Plaintiffs bring this action on behalf of themselves, as well as a nationwide class defined as "all persons who were charged computer-generated fees by Wells Fargo as a result of a late payment of their mortgage." Id. ¶ 90. Plaintiffs claim Defendants have violated the Racketeer Influenced and Corrupt Organizations Act ("RICO"), 18 U.S.C. §§ 1961, et seq. (Counts I-II); various states consumer protection laws (Counts III-VI); and that Wells Fargo's actions constitute common law fraud, deceit and/or misrepresentation, and unjust enrichment (Counts VII-VIII). Id. ¶ 10. Wells Fargo sets forth numerous argument in its Motion to Dismiss, asserting individual failings in the RICO and state law claims, as well as a failure to set forth each claim with sufficient particularity. In addition, Wells Fargo requests the Court strike a portion of the Complaint. In the alternative to its arguments for dismissal, Wells Fargo asserts that each of the claims are vague and ambiguous, and it asks the Court to order a more definite statement of each. The Court will address each request.
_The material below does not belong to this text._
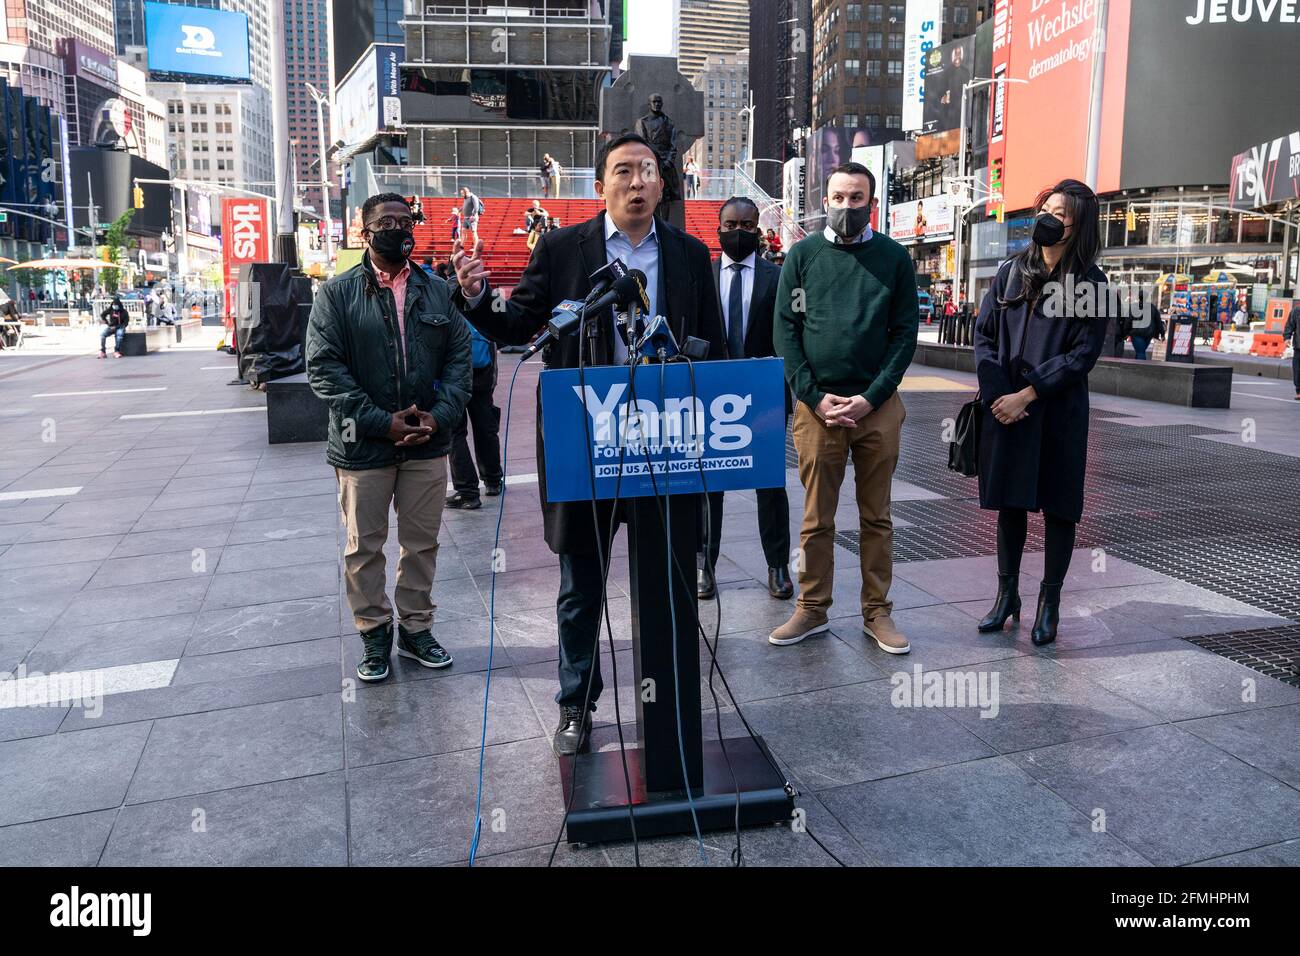 New York, United States. 09th May, 2021. Mayoral candidate Andrew Yang holds a press conference to address gun violence and recent shootings on Times Square in New York on May 9, 2021. Andrew Yang addressed recent shooting of 3 innocent bystanders on Times Square and increase of gun violence and other types of crime in the city. As Yang was speaking people were celebrating Mother's Day around Times Square. (Photo by Lev Radin/Sipa USA) Credit: Sipa USA/Alamy Live News Stock Photo

II. DISMISSAL OF ROSS UNDER THE FIRST-FILED RULE

As an initial matter, the Court addresses Wells Fargo's request that Ross be dismissed as a named Plaintiff under the first-filed rule. Wells Fargo points out that Ross has another action pending in the Eastern District of California that presents the same claims as the present action. E.D. Cal. Case No. 2:09-cv-319; see also Clerk's No. 52, Ex. I (hereinafter "California Action").2 Wells Fargo argues that Ross should be dismissed as a named Plaintiff because Ross's California Action was filed on December 8, 2008, several months before she joined this putative class action as a named Plaintiff on March 6, 2009. Plaintiffs counter that the "first-filed" rule does not apply here because Ross's California Action seeks different relief based on different events, and because the present action was filed on August 5, 2008, several months before Ross filed her California Action.
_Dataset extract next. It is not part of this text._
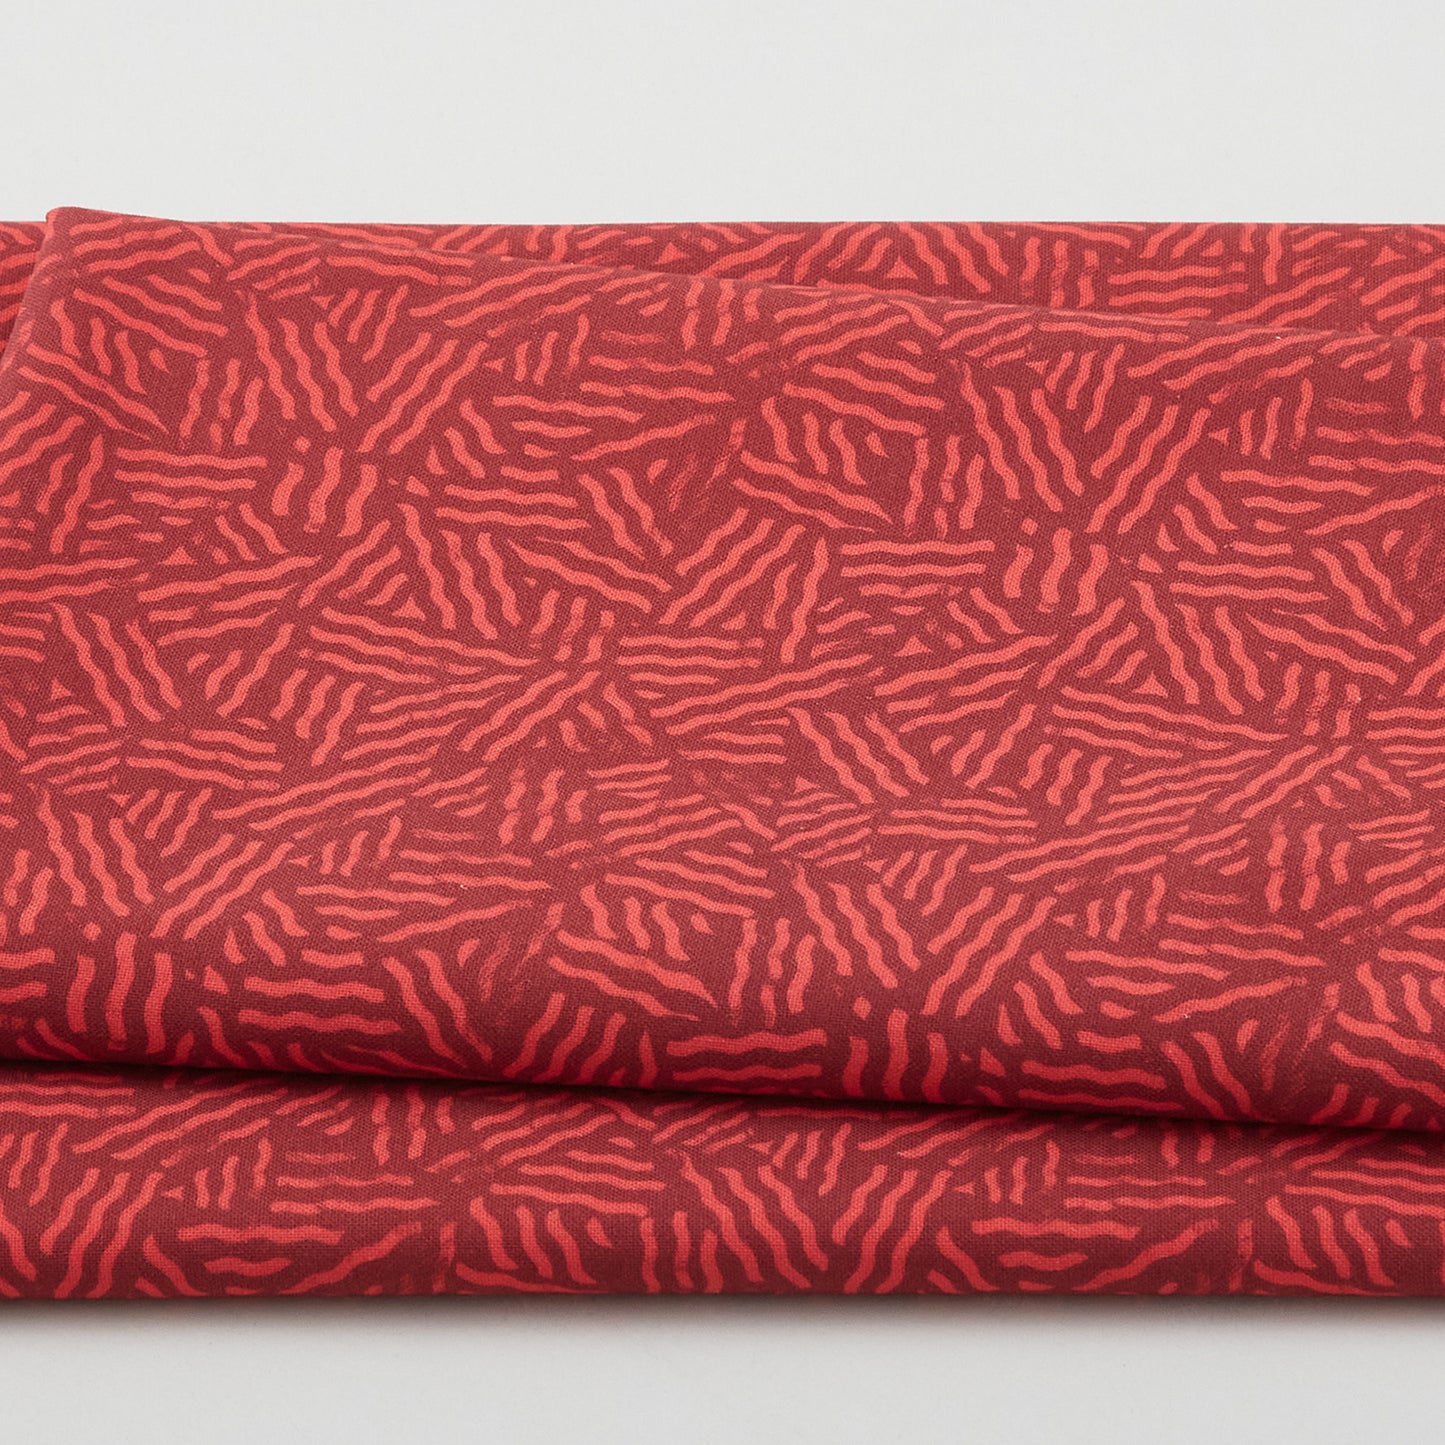 Electric Flow - Wavy Lines Red 2 Yard Cut Primary Image

When an action is pending in two different courts, "[t]o conserve judicial resources and avoid conflicting rulings, the first-filed rule gives priority, for purposes of choosing among possible venues when parallel litigation has been instituted in separate courts, to the party who first establishes jurisdiction." Nw. Airlines, Inc. v. Am. Airlines, Inc., 989 F.2d 1002, 1006 (8th Cir.1993); U.S. Fire Ins. Co. v. Goodyear Tire & Rubber Co., 920 F.2d 487, 488 (8th Cir.1990) ("The well-established rule is that in cases of concurrent jurisdiction, `the first court in which jurisdiction attaches has priority to consider the case.'") (quoting Orthmann v. Apple River Campground Inc., 765 F.2d 119, 121 (8th Cir.1985)). "This first-filed rule `is not intended to be rigid, mechanical, or inflexible,' but is to be applied in a manner best serving the interests of justice. The prevailing standard is that `in the absence of compelling circumstances,' the first-filed rule should apply." Nw. Airlines, Inc., 989 F.2d at 1005. It is within a district court's discretion to apply the first-filed rule. Anheuser-Busch, Inc. v. Supreme Int'l Corp., 167 F.3d 417, 419 (8th Cir. 1999).
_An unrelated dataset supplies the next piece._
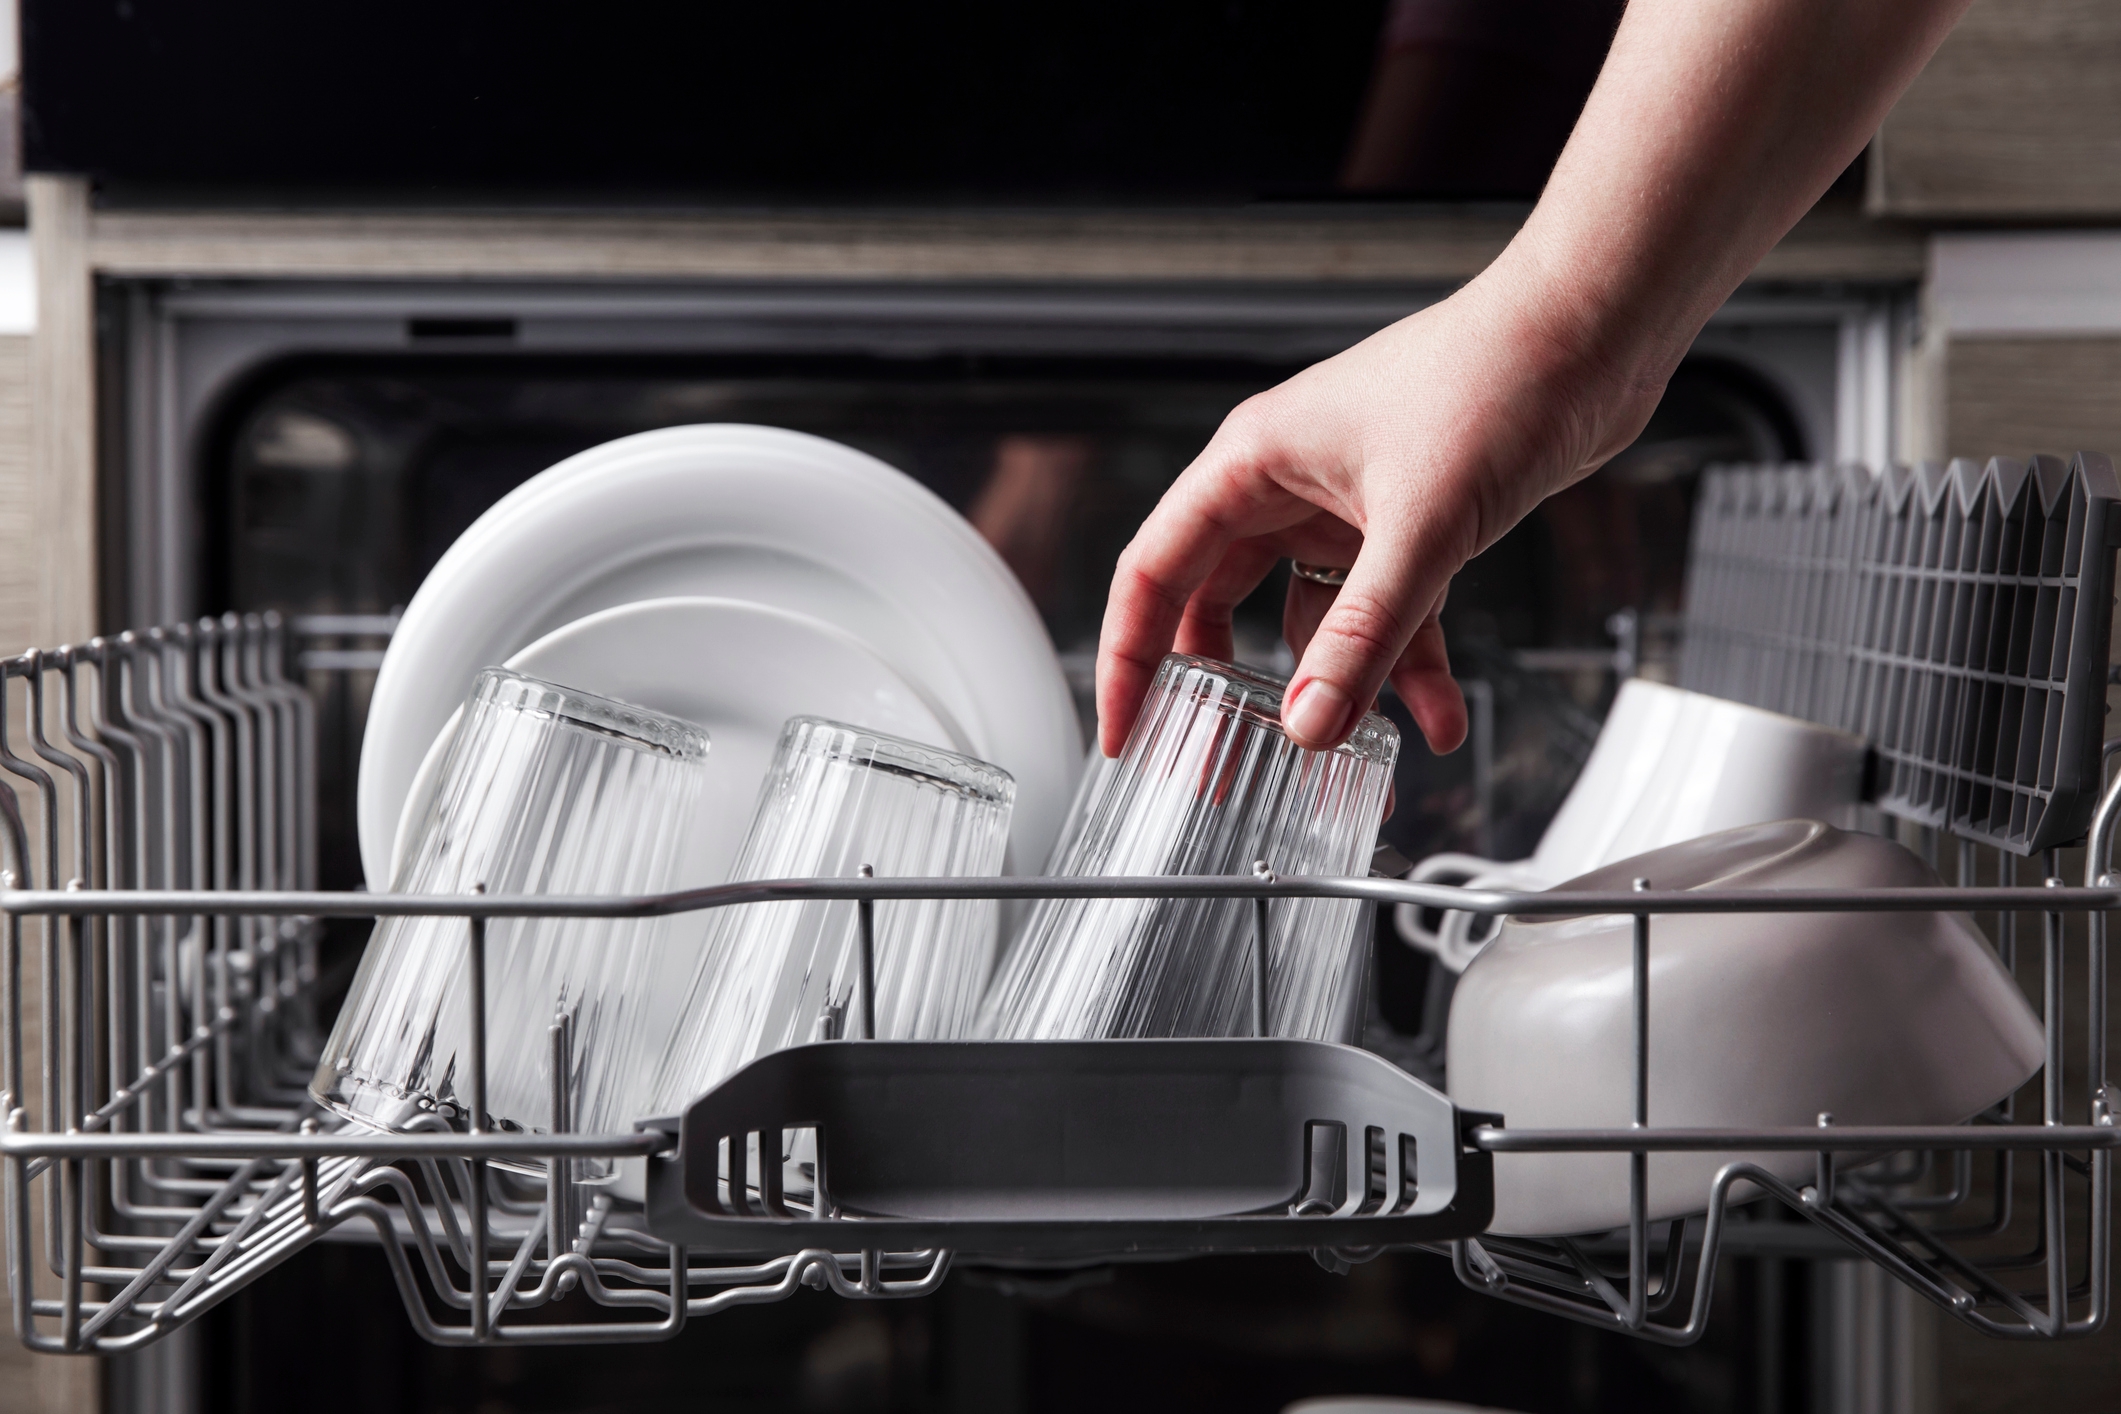 A hand reaching into the top drawer of a dishwasher, picking up a tumbler glass.

Ross's California Action brings suit against Wells Fargo, as well as several other mortgage servicers, for wrongful and unlawful acts in the negotiation and servicing of her home mortgage loans and associated foreclosure proceedings. In her California Action, Ross presents claims under both California statutory law and RICO based on, inter alia, the alleged fact that "defendants added costs and charges to the payoff amount of the note that were not justified or proper under the terms of the note or law." California Action, Compl. at 8. Both the factual allegation and the remedy requested obviously overlap with the allegations and requested remedy in the present class action. Therefore, this Court's jurisdiction over Ross's claim in the present action and the California Court's jurisdiction over her California Action are "parallel."

Further, though this putative class action was filed by the Youngs and the Huyers on August 5, 2008, Ross was not added as a named Plaintiff until the Amended Complaint was filed on March 6, 2009. Compare Clerk's No. 40 (transferring the case to Iowa from the District of California before Ross was added as a named Plaintiff) with Clerk's No. 41 (amending the Complaint to include Ross as a named Plaintiff). Only after a class has been certified and the unnamed class members are given notice, an opportunity to be heard, and a chance to opt out, can a court maintain jurisdiction over absent class members. See Phillips Petroleum Co. v. Shutts, 472 U.S. 797, 812-13, 105 S.Ct. 2965, 86 L.Ed.2d 628 (1985). It follows that before a putative class action is certified, the Court does not have jurisdiction over the claims of unnamed plaintiffs. Since the putative class has not yet been certified and because Ross did not join this class action as a named Plaintiff until after she filed her California Action on December 8, 2008, the Court concludes that the California court had jurisdiction over...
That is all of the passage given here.